I've taken to buying 200+-watt panels, just a bit larger for more wattage. Always assume you'll only get a fraction of the listed wattage even in bright sunlight.
I've repeatedly been ready to buy small wind systems but it seems like they're all garbage.


----------



## Back Pack Hack (Sep 15, 2016)

In full sunlight, properly aimed, you should get about 70-85% of the rated wattage.


----------



## bluesky63 (Jan 2, 2022)

Mid-Missouri, USA I have a larger solar bank( 50 panels x 350 watts each) than you but we all have the same problem. On the average cloudy, winter day- it will only produce maybe 30 killawatt hours total. That is 0.6 kwh each panel. But on most days, it will produce 100 kwh total; that is 2 kwh per panel.


----------



## wraithofroncollins (10 mo ago)

I supplement my Solar with Wind and Hydro electric generators because of that very problem.


----------



## KellyDude (11 mo ago)

wraithofroncollins said:


> I supplement my Solar with Wind and Hydro electric generators because of that very problem.

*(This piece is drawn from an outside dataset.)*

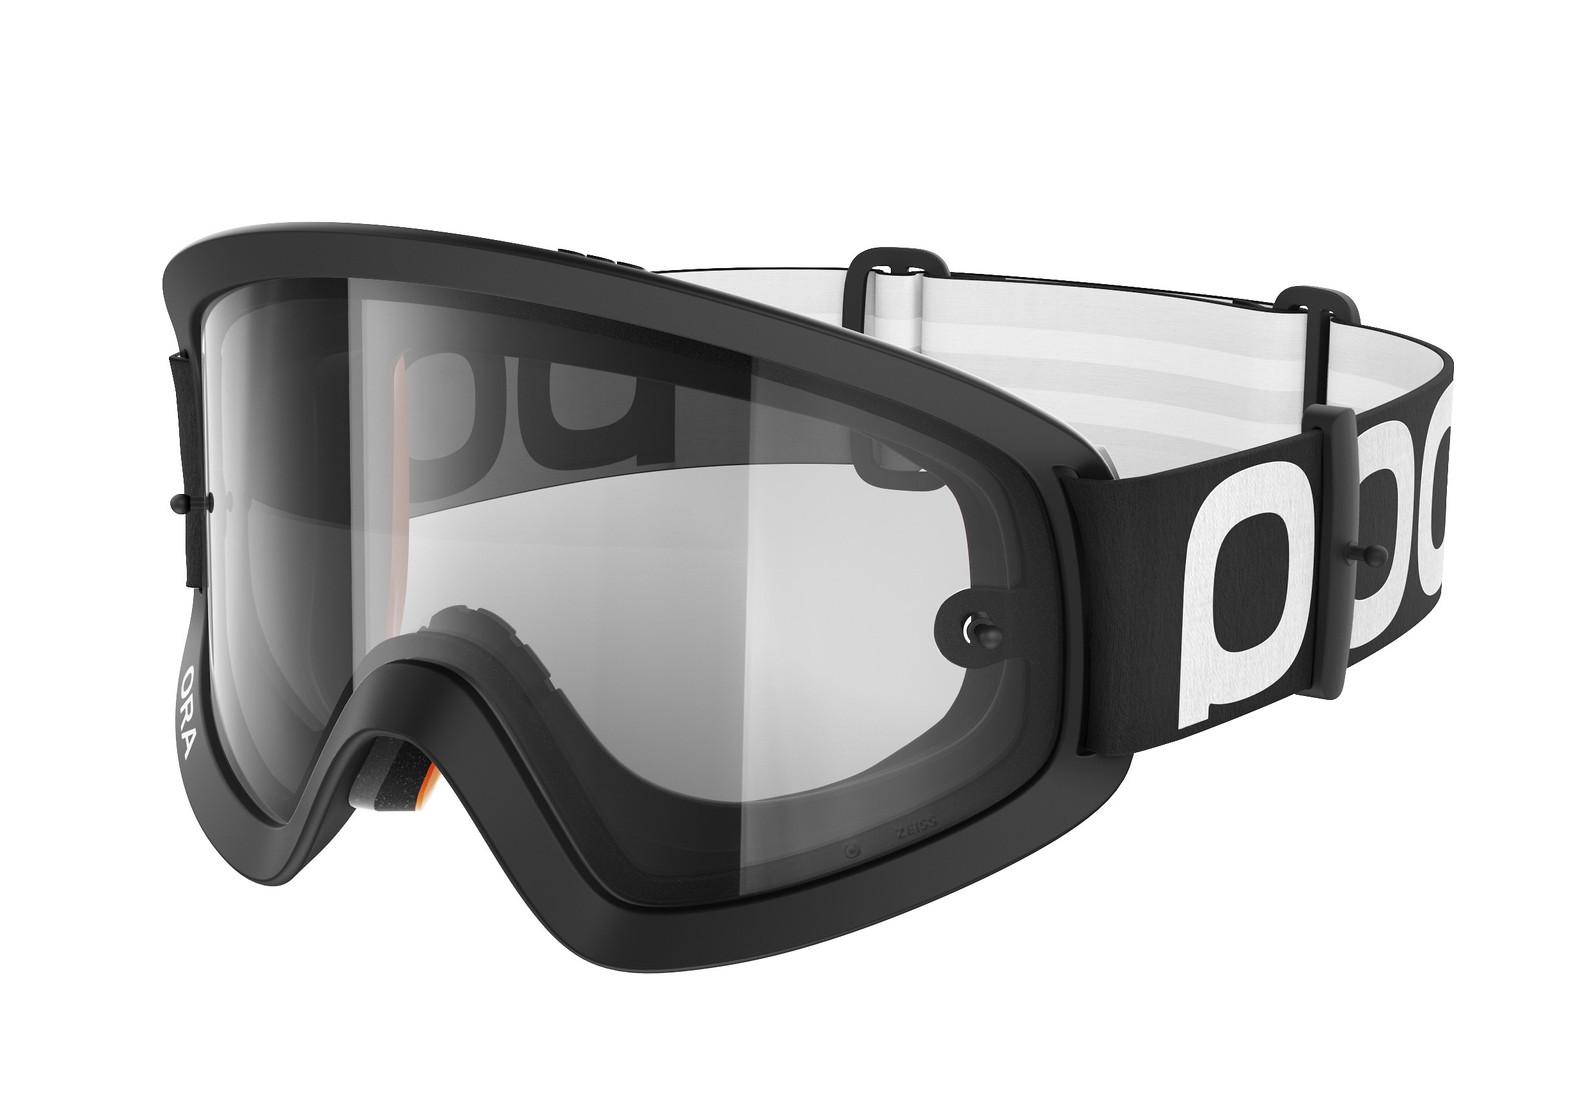 452ea4bcd7 POC Ora Clarity Goggles - Reviews
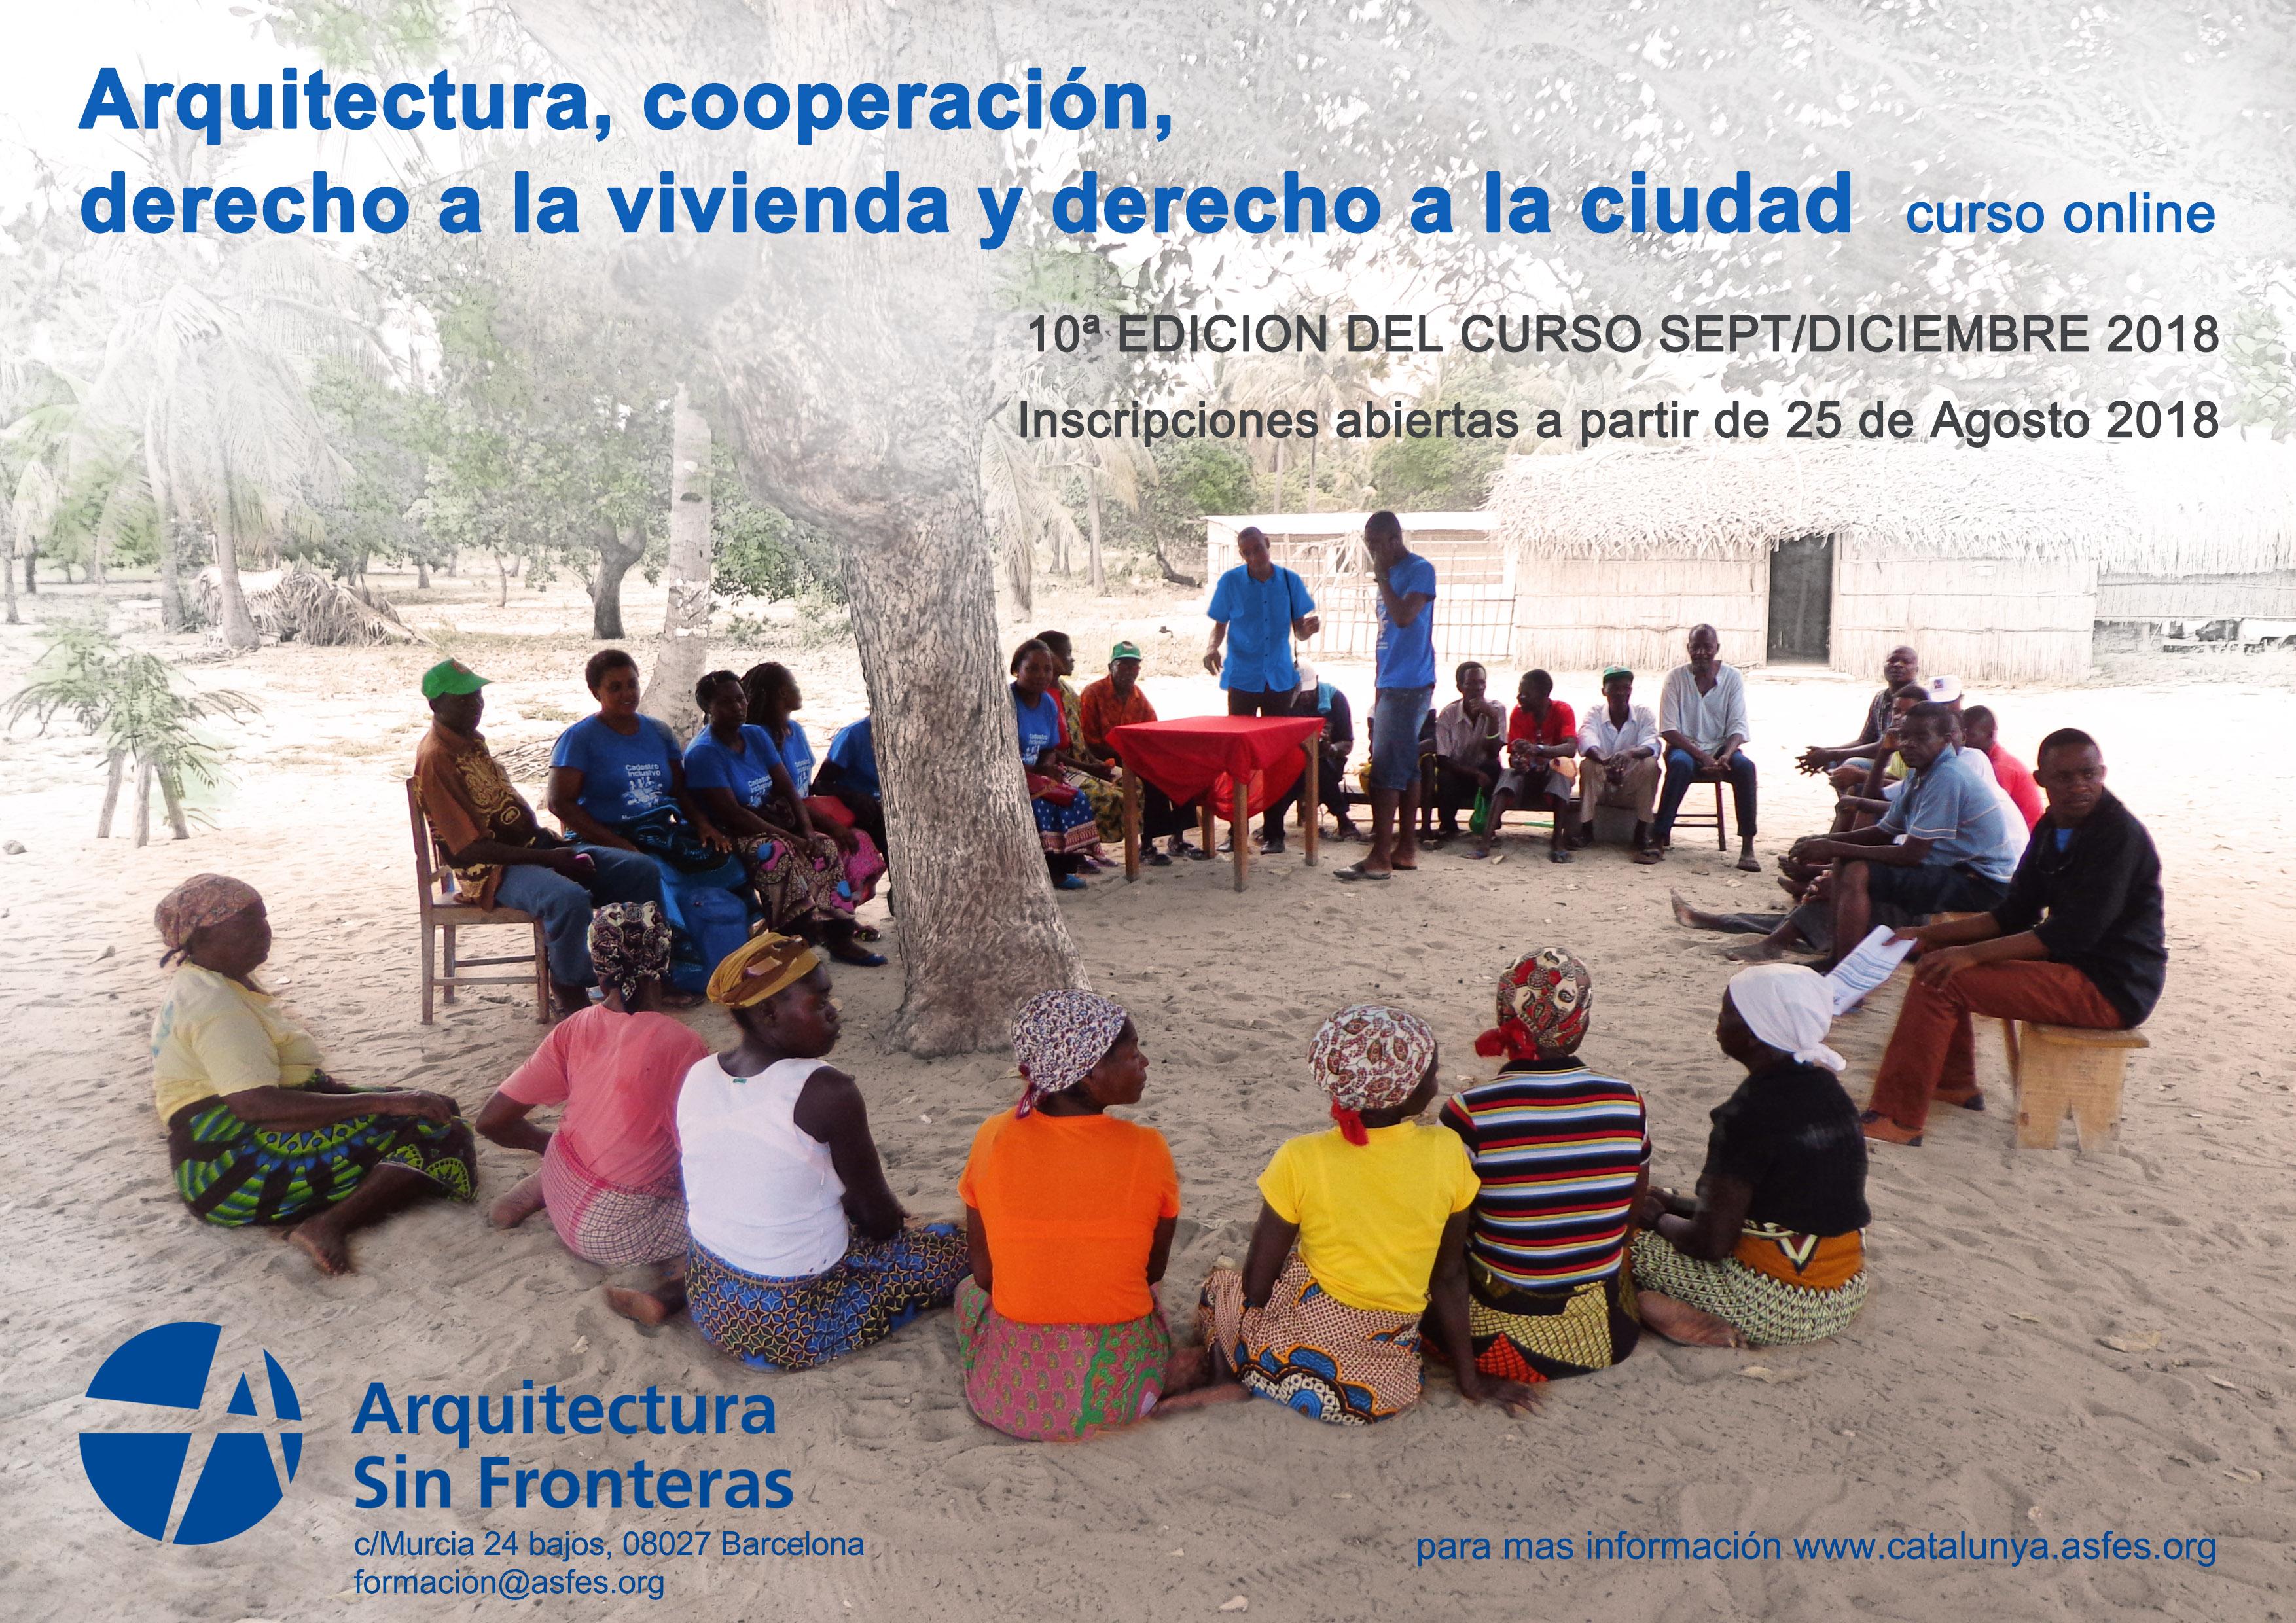 Curs Online: Cooperació, Arquitectura, Dret A L'habitatge I Dret A La Ciutat

What wind system are you using, if you don't mind?


----------



## wraithofroncollins (10 mo ago)

This is what I use...
The Hydro-system is made from car alternators and wooden water wheel, i made myself.


----------



## Weldman (Nov 7, 2020)

If you are towards or above the 45th parallel I would invest in bi-facial solar panels, wow they are powerful. Got 24 (405 watts) and it gets the 405 watt plus due to gaining solar on the backside.


----------